Nothing except the pictures should be left out when you reproduce the listing exactly.

» Dataset excerpt:
# # # # #
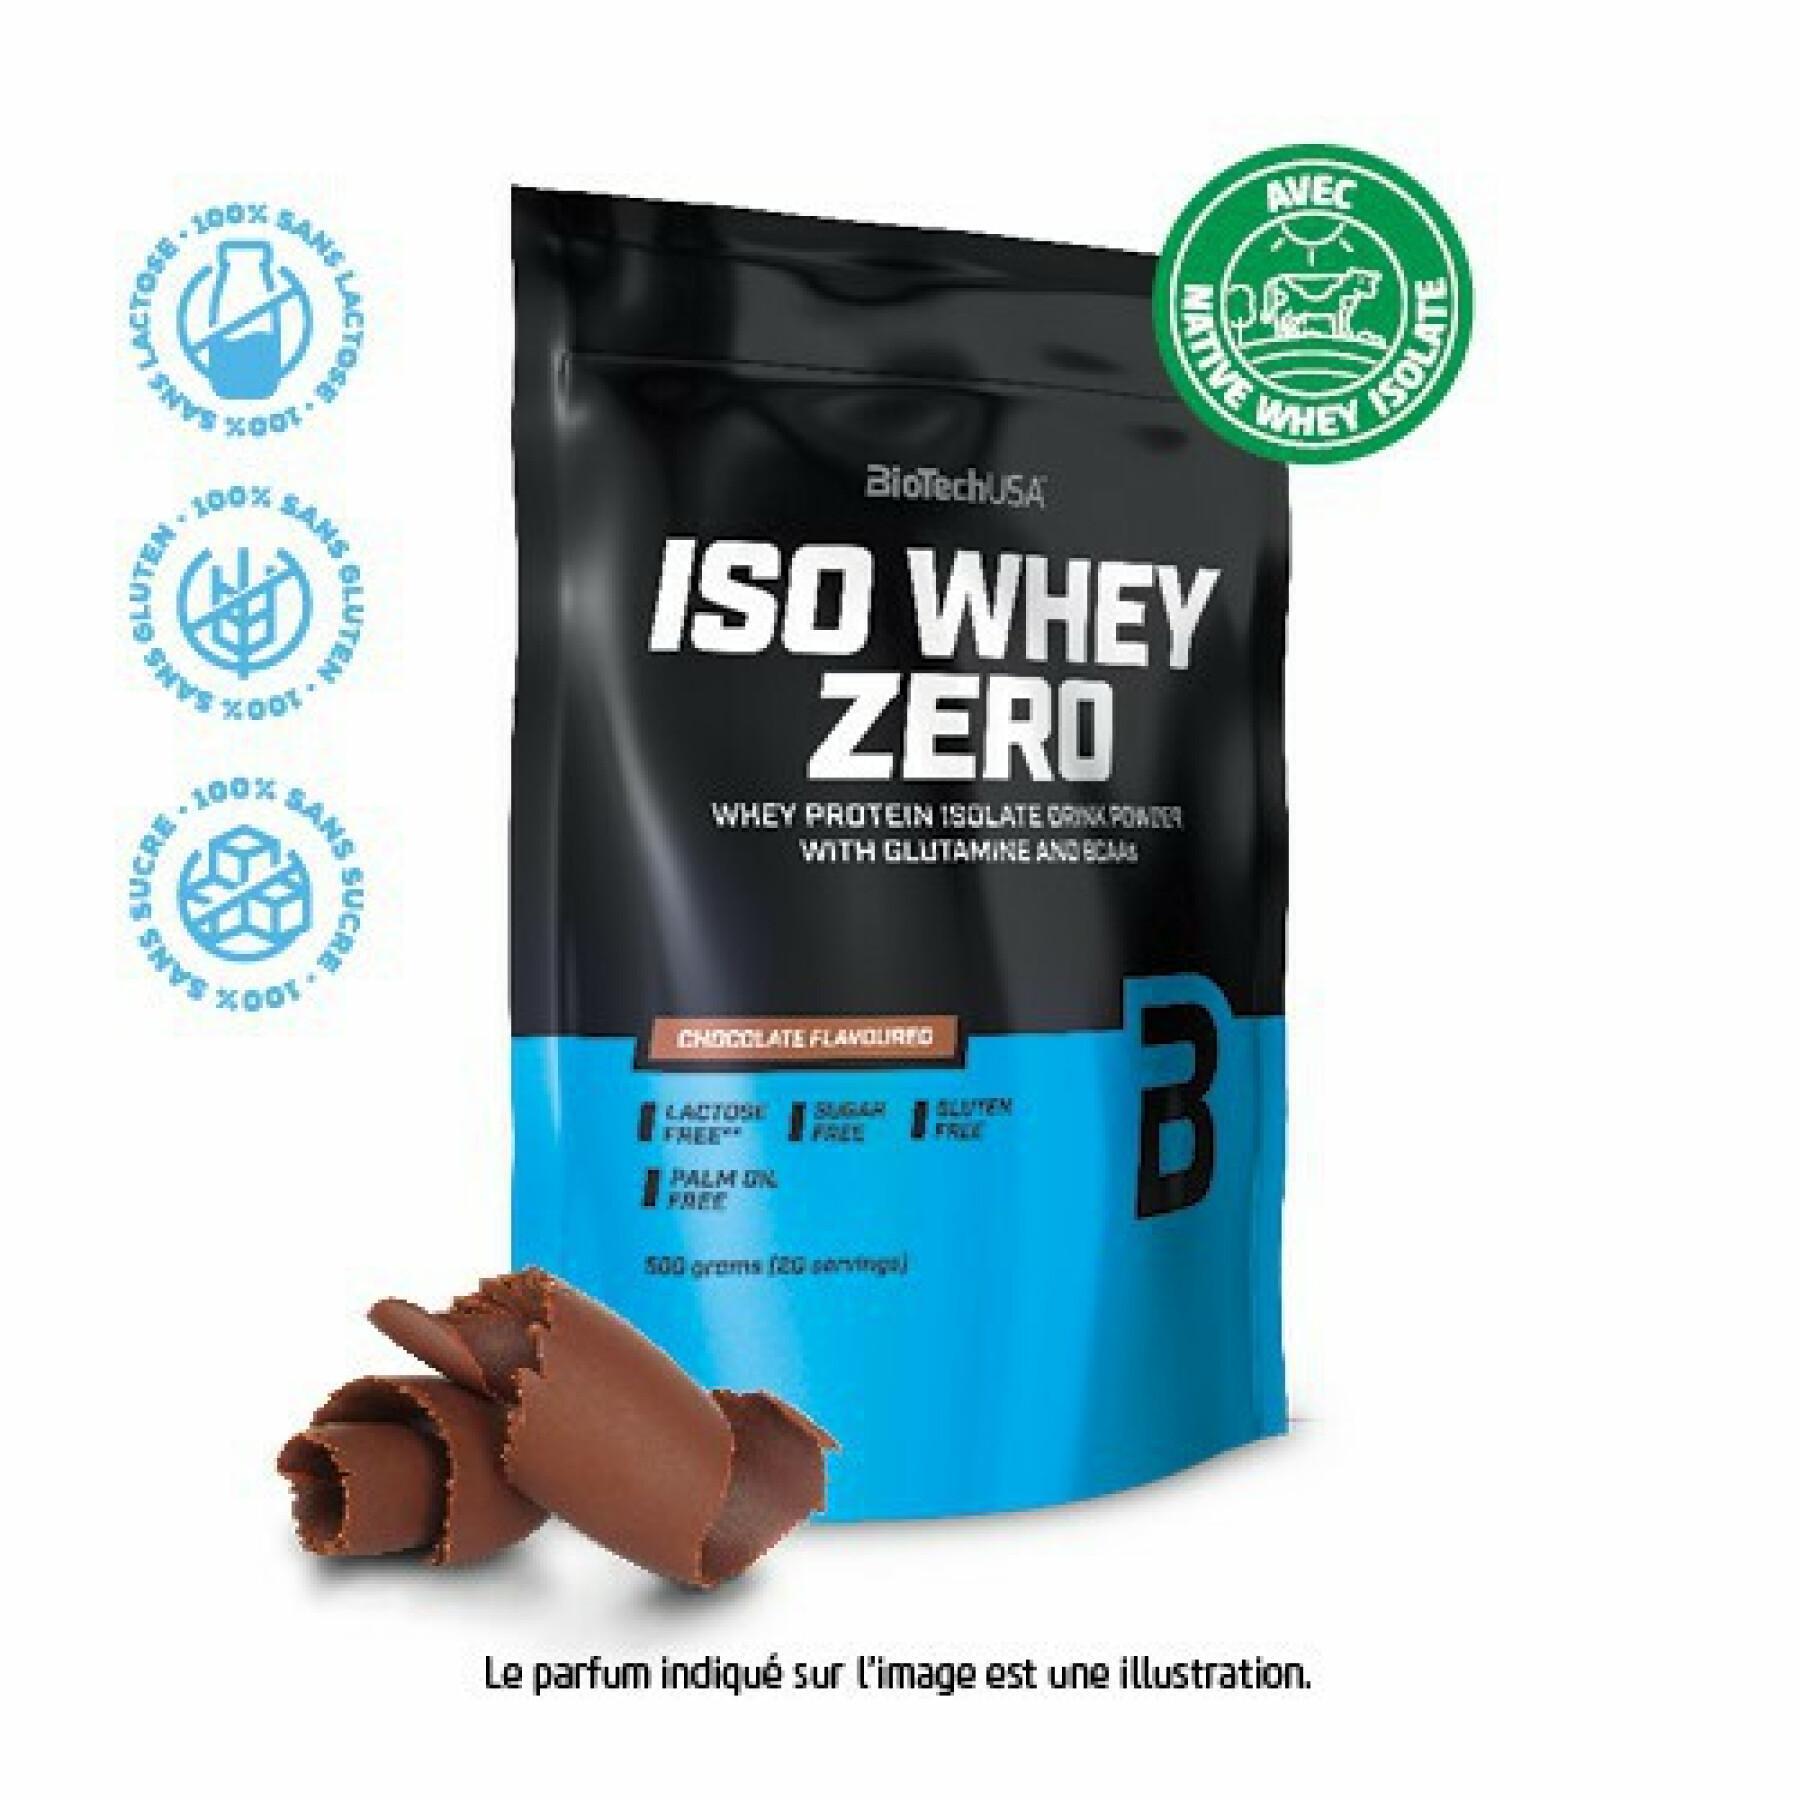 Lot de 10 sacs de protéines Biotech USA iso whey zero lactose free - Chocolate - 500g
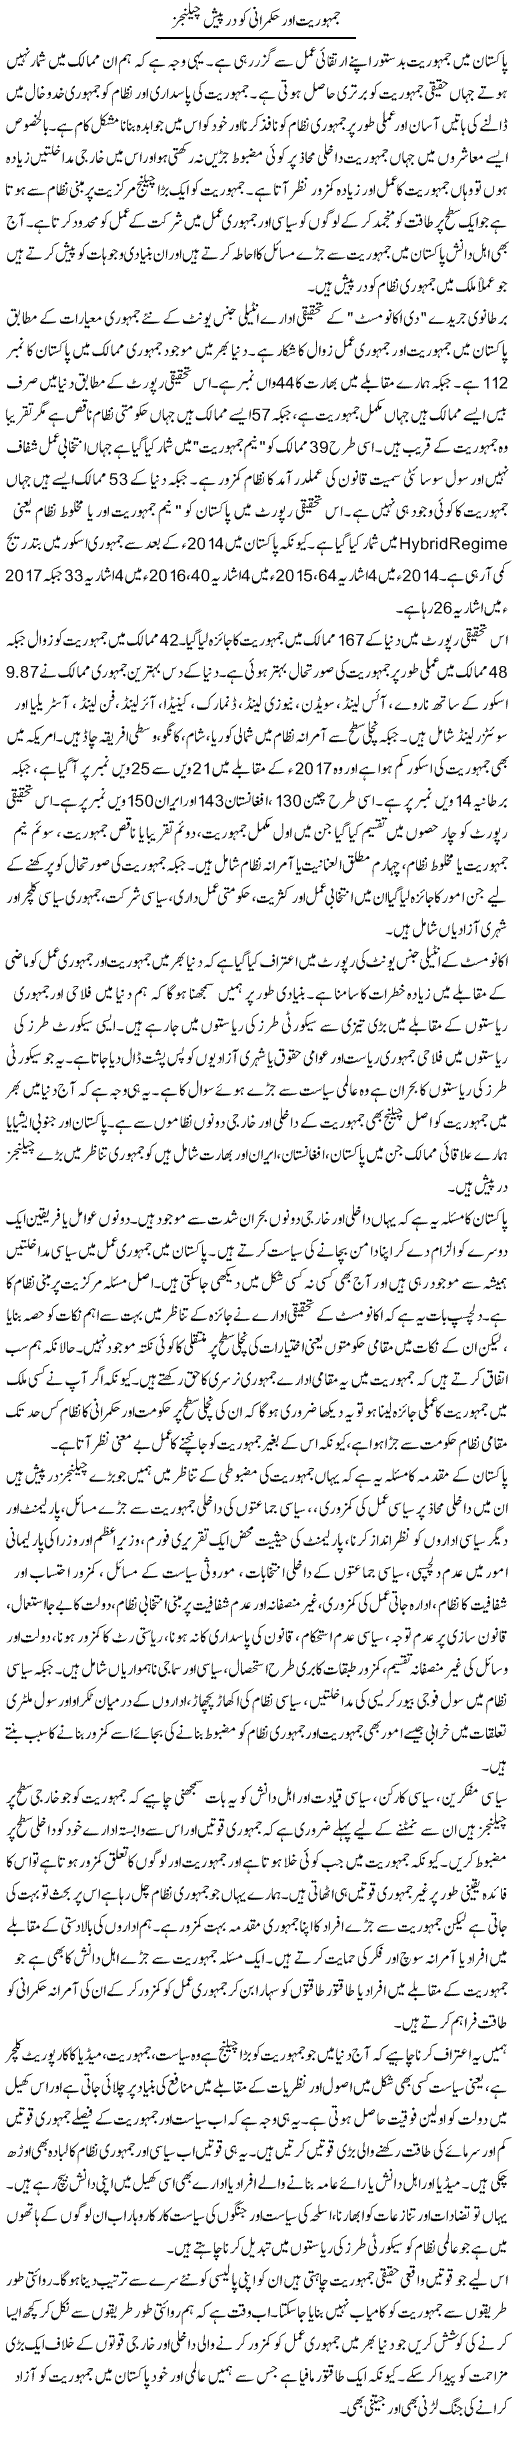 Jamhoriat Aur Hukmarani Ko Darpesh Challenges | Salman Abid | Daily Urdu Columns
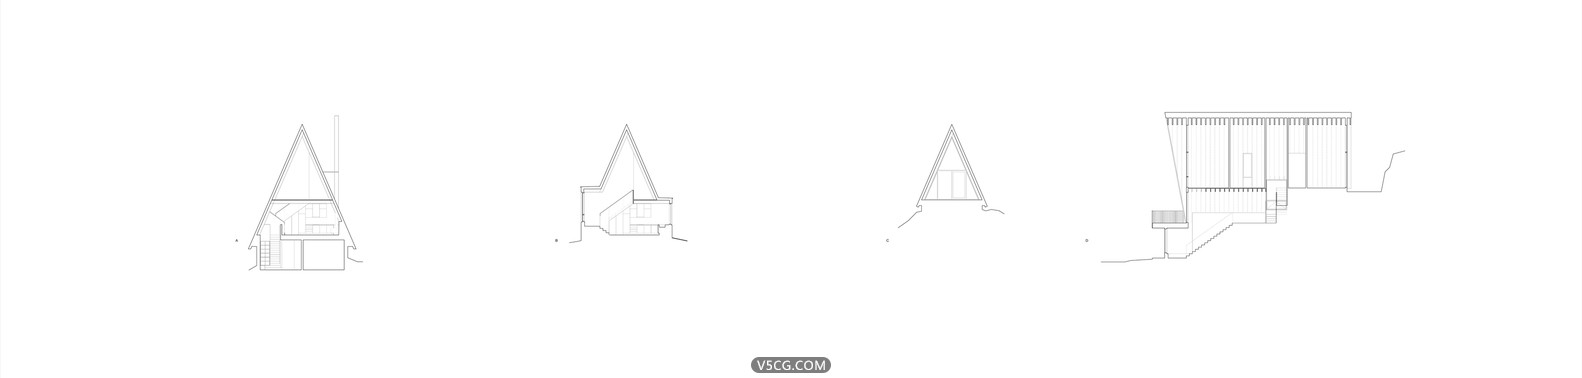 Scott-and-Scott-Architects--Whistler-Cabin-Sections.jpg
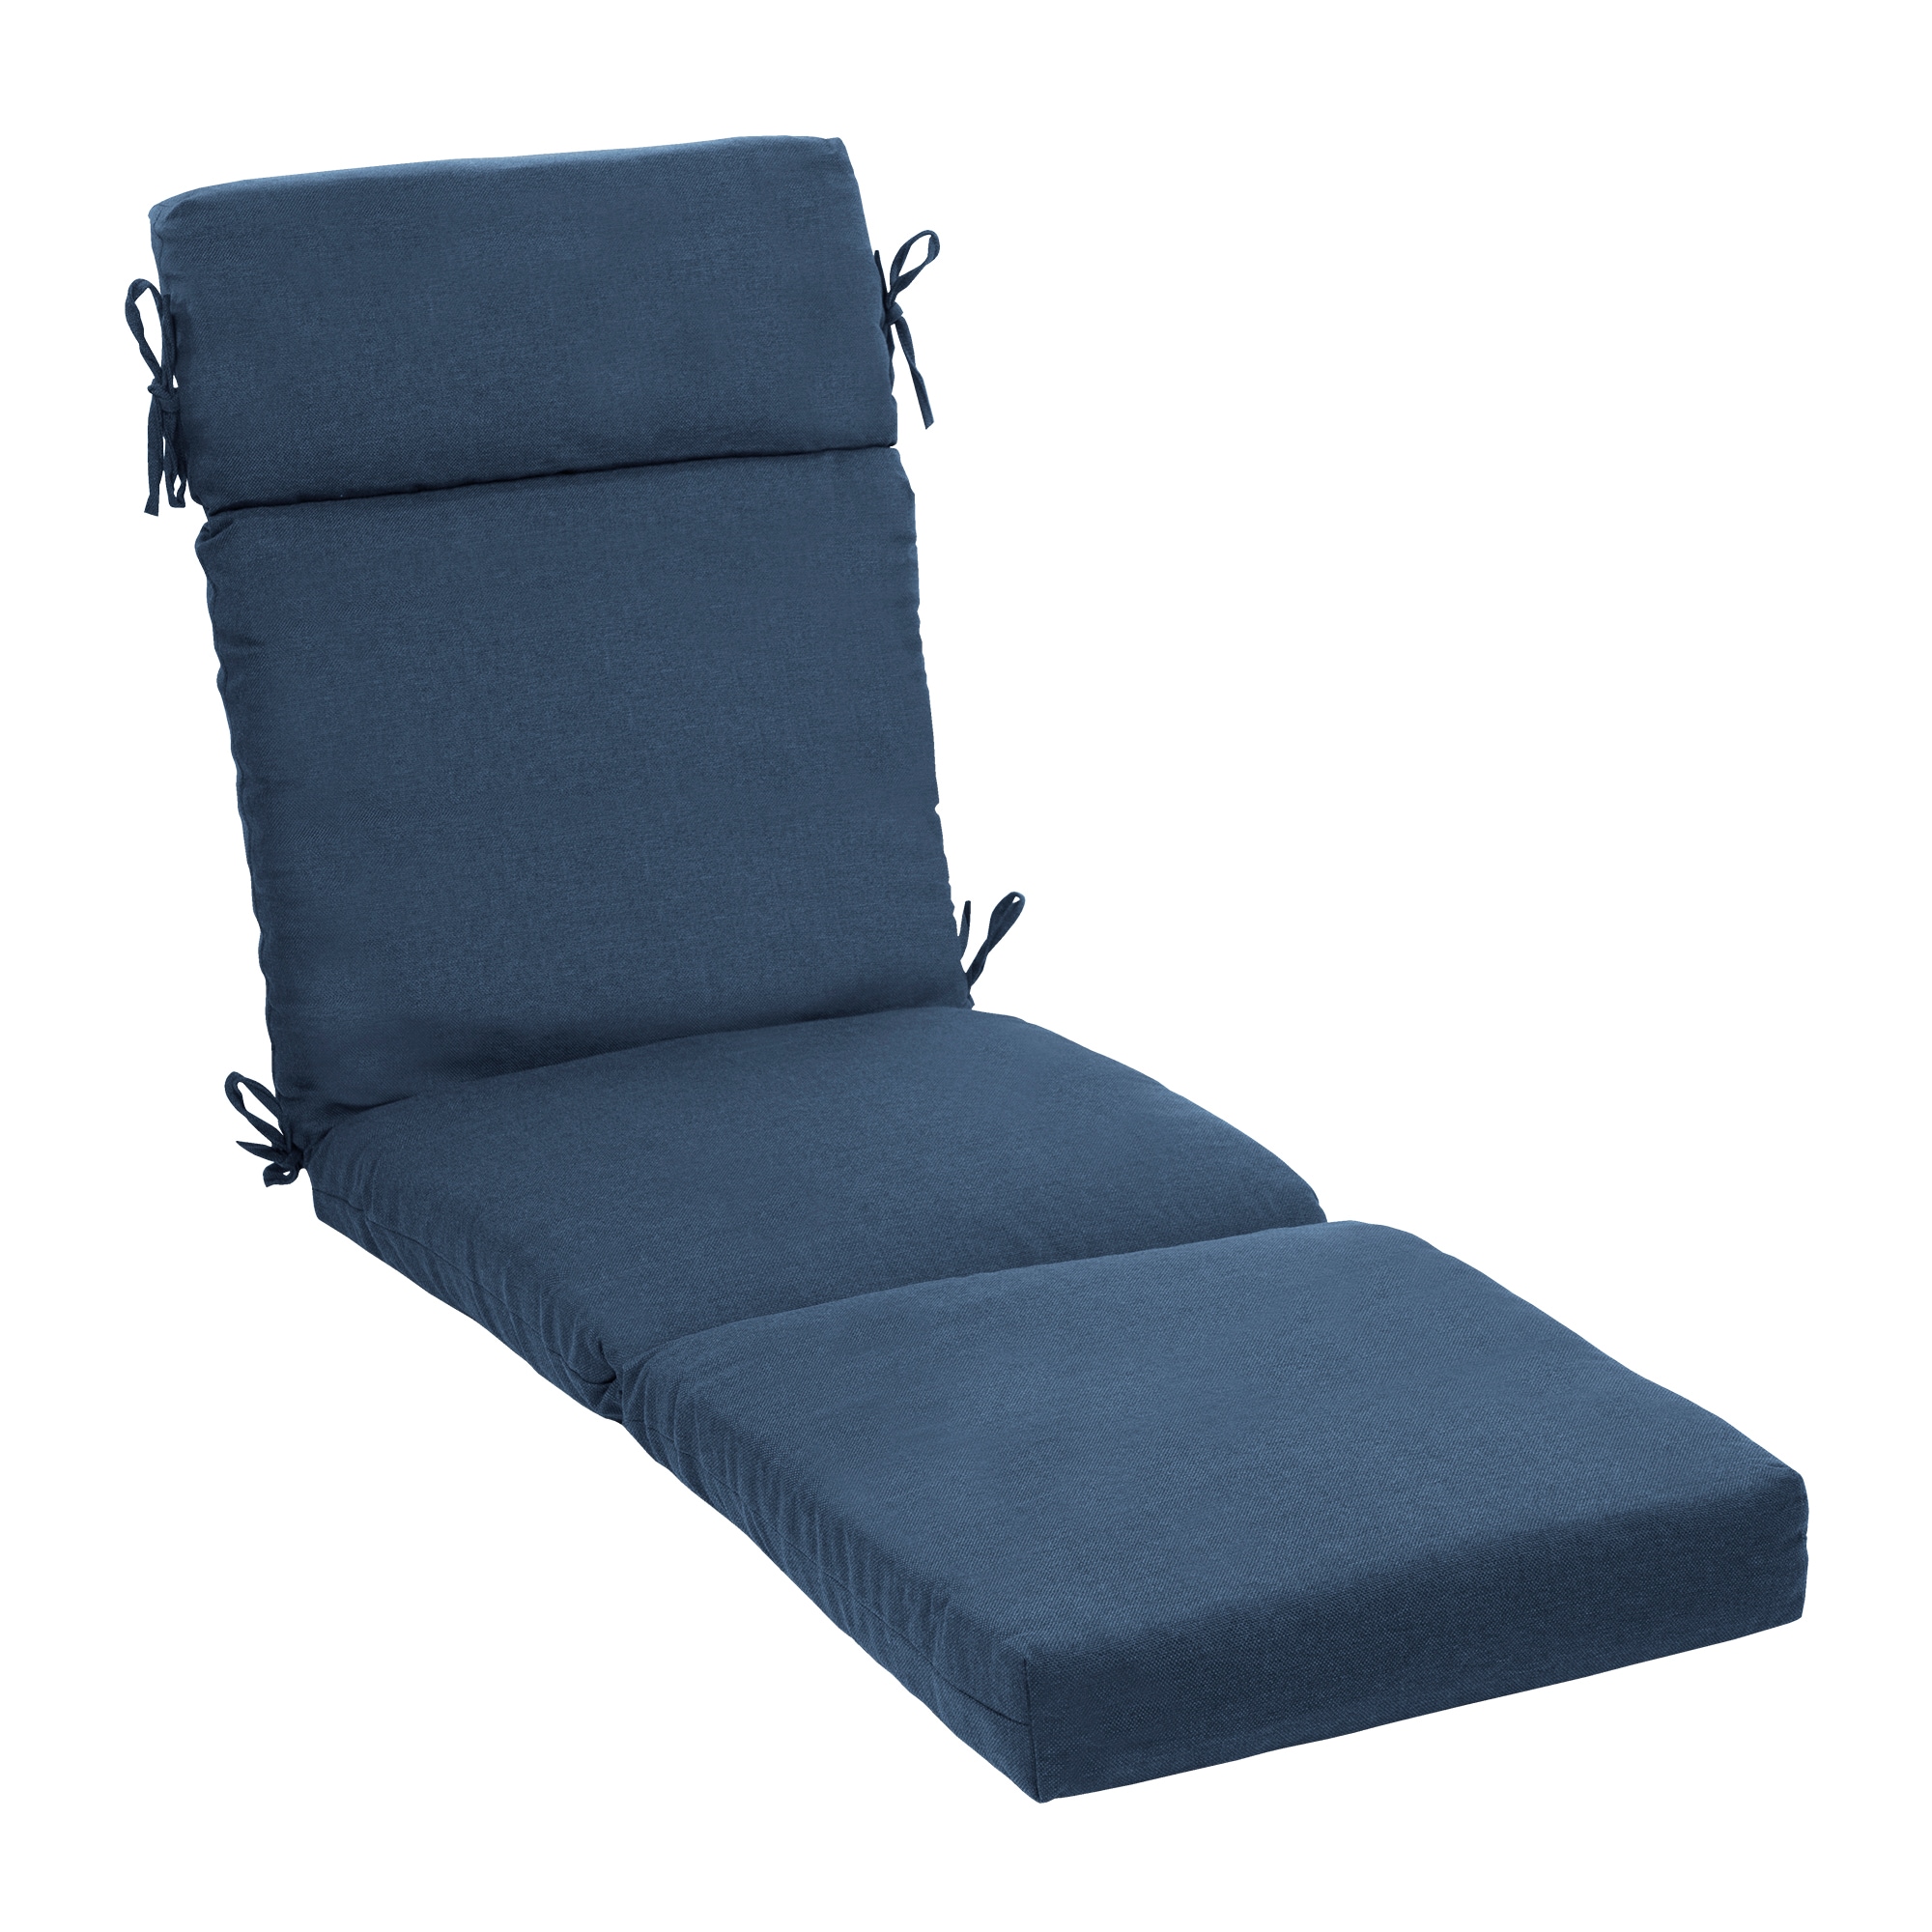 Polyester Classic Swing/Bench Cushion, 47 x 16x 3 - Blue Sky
# # # # #
» Solution below:
 Lot de 10 sacs de protéines Biotech USA iso whey zero lactose free - Chocolate - 500g
 Jamhoriat Aur Hukmarani Ko Darpesh Challenges | Salman Abid | Daily Urdu Columns
 Scott-and-Scott-Architects--Whistler-Cabin-Sections.jpg
 Polyester Classic Swing/Bench Cushion, 47 x 16x 3 - Blue Sky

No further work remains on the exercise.